Part 11: Breaking Packages in Python, in which we explore the sharp edges of Python’s system of imports, modules, and packages.

Sign up for our newsletter to get all the updates! And if you enjoyed this guide check out our data engineering glossary, complete with Python code examples.

Data engineering is as much about the methodologies and data pipeline design patterns as it is about the tools and technologies. In this series, you've learned about proven development paradigms in data engineering and how to build more robust and scalable software through factory patterns.

Today, we’ll look at write-audit-publish, a design pattern used in software engineering when moving data. It addresses the particular problem of data integrity by staging, validating, and then committing data to production in large-scale operations.

WAPs have proven integral to improving data quality. We’ll look at how WAP design patterns ensure accuracy, consistency, and trustworthiness throughout data flows. We’ll also explore examples of how write-audit-publish can be used in two real-world scenarios: batch processing and streaming real-time data.

Software design patterns explained
What is write-audit-publish?
The key benefits of write-audit-publish
The write-audit-publish workflow
Data orchestration & write-audit-publish
Write-audit-publish in data pipeline design patterns
- Batch data pipelines with write-audit-publish
- Stream real-time data with write-audit-publish
Conclusion

Software design patterns explained

In part seven of our series, we discussed how design patterns are standard solutions to common problems that occur in software design. They represent best practices and are templates that can be used in multiple situations to solve particular problems and improve code readability.

We’ve discussed how data developers use factory patterns for everyday tasks like batch processing or building real-time data streams and ETL pipelines. Similar patterns can be used in moving data, managing data changes, or other computer science steps.

In this post, we’ll tackle another pattern that’s an example of a structured approach to ensuring data quality and reliability. But how does this process translate into the hands-on, code-driven world of a data engineer?

What is write-audit-publish?

Write-audit-publish is also a type of software design pattern:

At its core, the WAP pattern operates on a principle of commitment: data is first written to a staging area, subjected to rigorous quality checks, and only upon validation is it transitioned to the production environment.

You can think of this design pattern as a gatekeeper, ensuring that only the most reliable and vetted data makes its way to the forefront. This approach not only safeguards data integrity but also fortifies the trust stakeholders place in your data systems.

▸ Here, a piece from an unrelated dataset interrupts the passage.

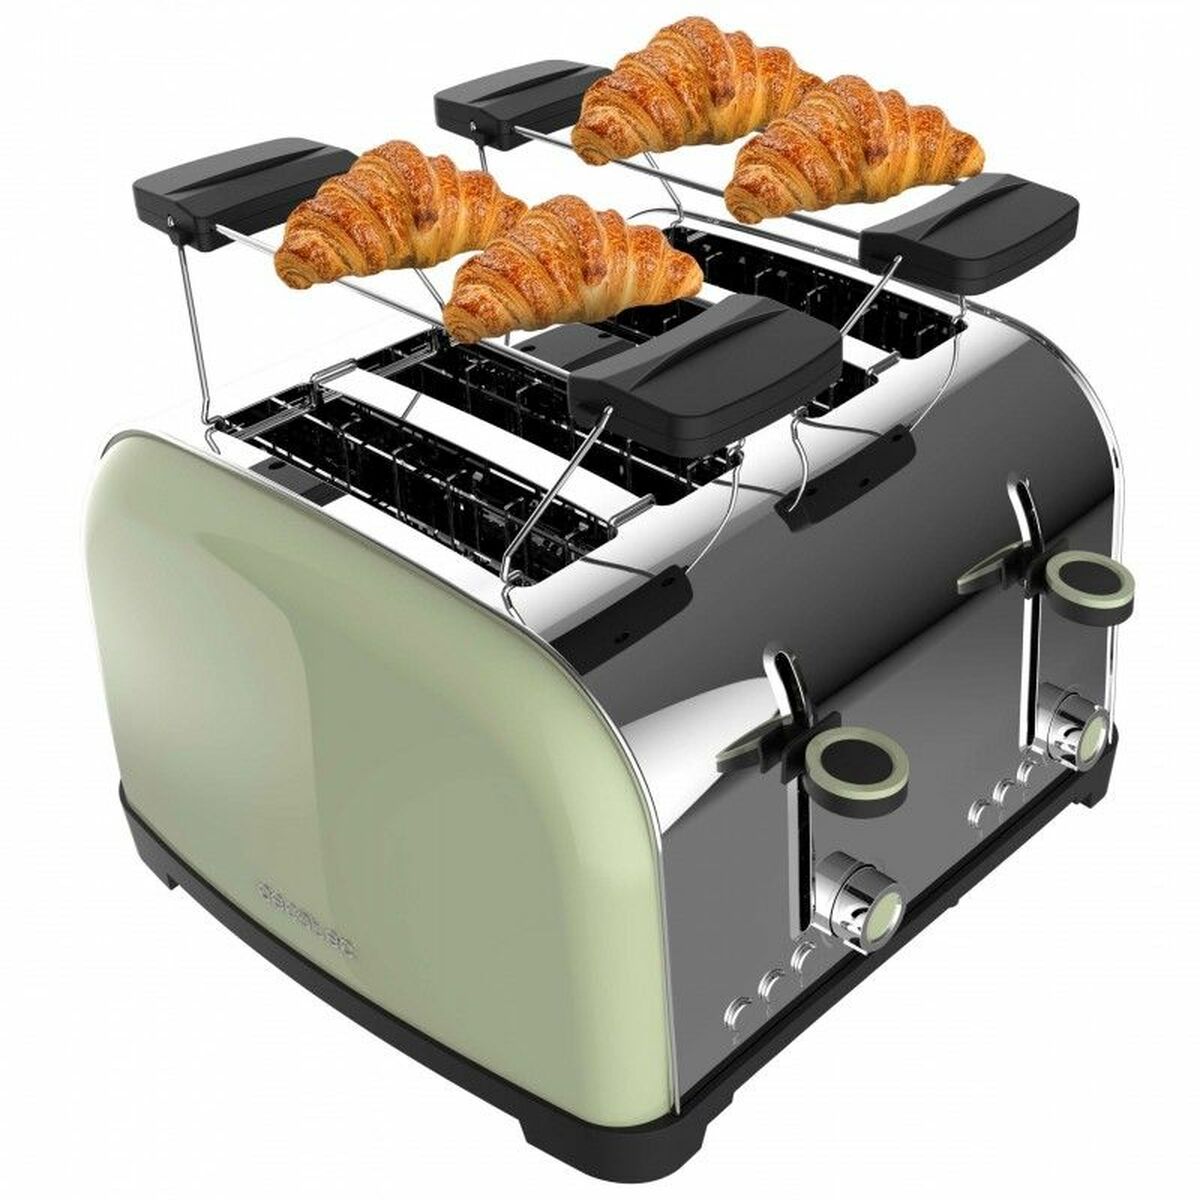 Kaufe Toaster Cecotec oastin' time 1700 Double 1700 W bei AWK Flagship um € 72.00

The key benefits of write-audit-publish patterns

Adopting WAP design patterns in data pipelines yields several substantial benefits:

Enhanced Data Integrity and Quality:

WAP patterns ensure that the data is of high quality and integrity. The audit phase (described below) scrutinizes the data for accuracy, completeness, and adherence to predetermined standards, rectifying any discrepancies or anomalies, which guarantees that only validated and reliable data sources are published to production.

Increased Data Security:

The structured approach of WAP provides a security layer by isolating raw and audited data, protecting sensitive and unvalidated information from premature exposure, which is critical in maintaining data compliance and security standards in various industries.

Improved Reliability:

The segregation of writing, auditing, and publishing phases allows for superior error handling and recovery mechanisms. This distinct separation facilitates the easy identification and amendment of issues at each stage, bolstering the overall reliability and stability of the data pipeline.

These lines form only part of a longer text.